Sensitivity analysis approaches to high-dimensional screening problems at low sample size

Journal of Statistical Computation and Simulation

Sensitivity analysis
Monte Carlo
Authors

William Becker

Stefano Tarantola

Gregory Deman

Published

April 4, 2018

Doi

About

Sensitivity analysis is an essential tool in the development of robust models for engineering, physical sciences, economics and policy-making, but typically requires running the model a large number of times in order to estimate sensitivity measures. While statistical emulators allow sensitivity analysis even on complex models, they only perform well with a moderately low number of model inputs: in higher dimensional problems they tend to require a restrictively high number of model runs unless the model is relatively linear. Therefore, an open question is how to tackle sensitivity problems in higher dimensionalities, at very low sample sizes. This article examines the relative performance of four sampling-based measures which can be used in such high-dimensional nonlinear problems. The measures tested are the Sobol’ total sensitivity indices, the absolute mean of elementary effects, a derivative-based global sensitivity measure, and a modified derivative-based measure.
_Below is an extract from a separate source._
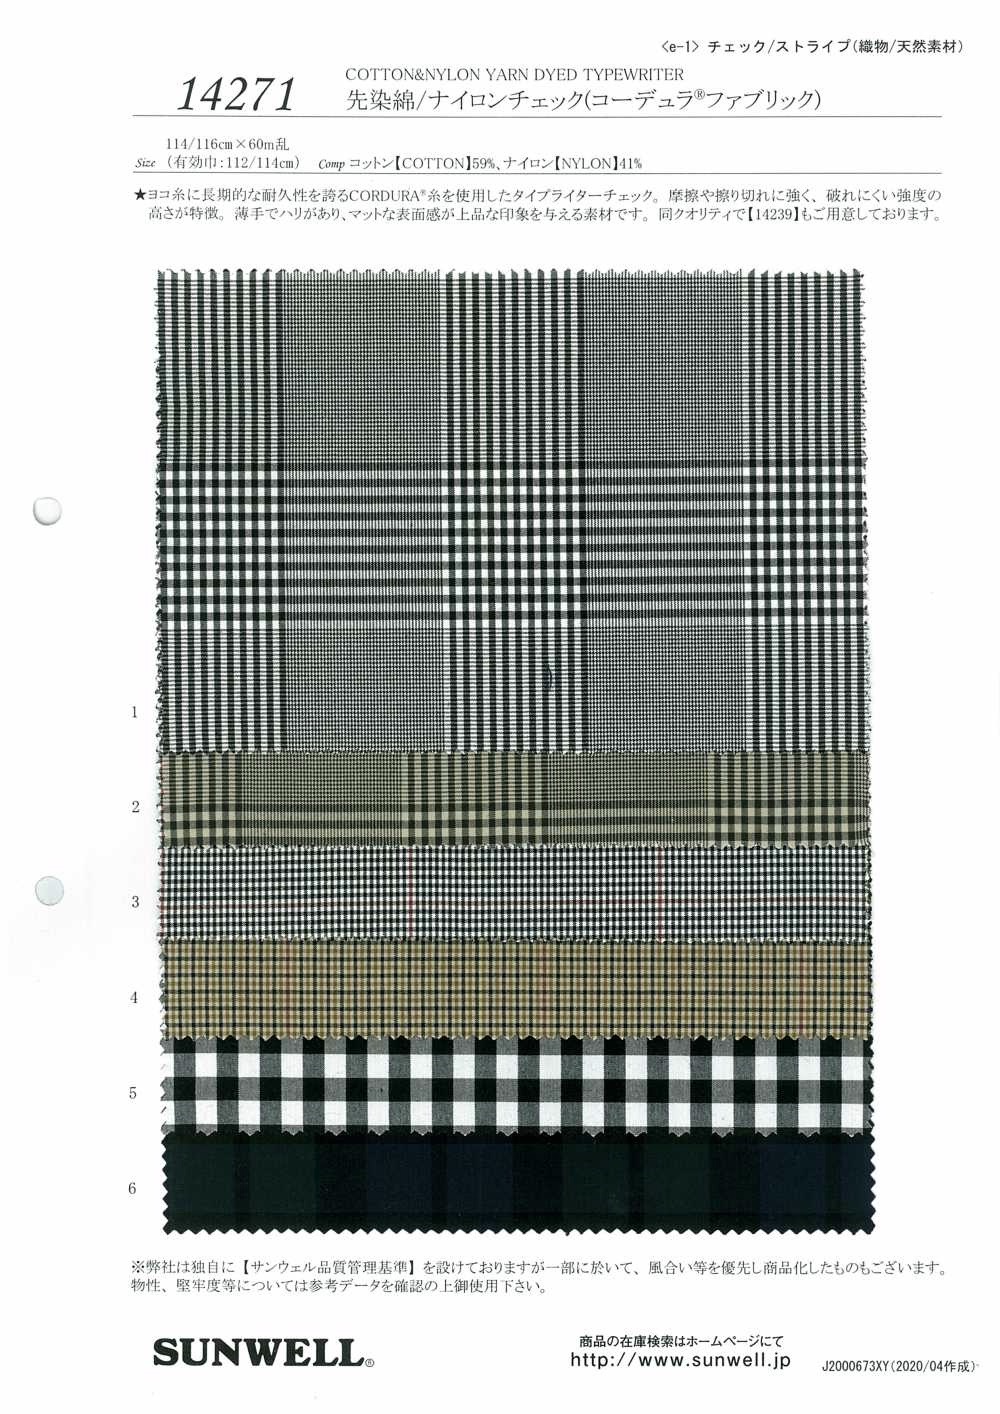 14271 Cuadros De Algodón / Nailon Teñidos En Hilo (Tejido Cordura (R))[Fabrica Textil] SUNWELL

Performance is assessed in a ‘screening’ context, by assessing the ability of each measure to identify influential and non-influential inputs on a wide variety of test functions at different dimensionalities. The results show that the best-performing measure in the screening context is dependent on the model or function, but derivative-based measures have a significant potential at low sample sizes that is currently not widely recognised.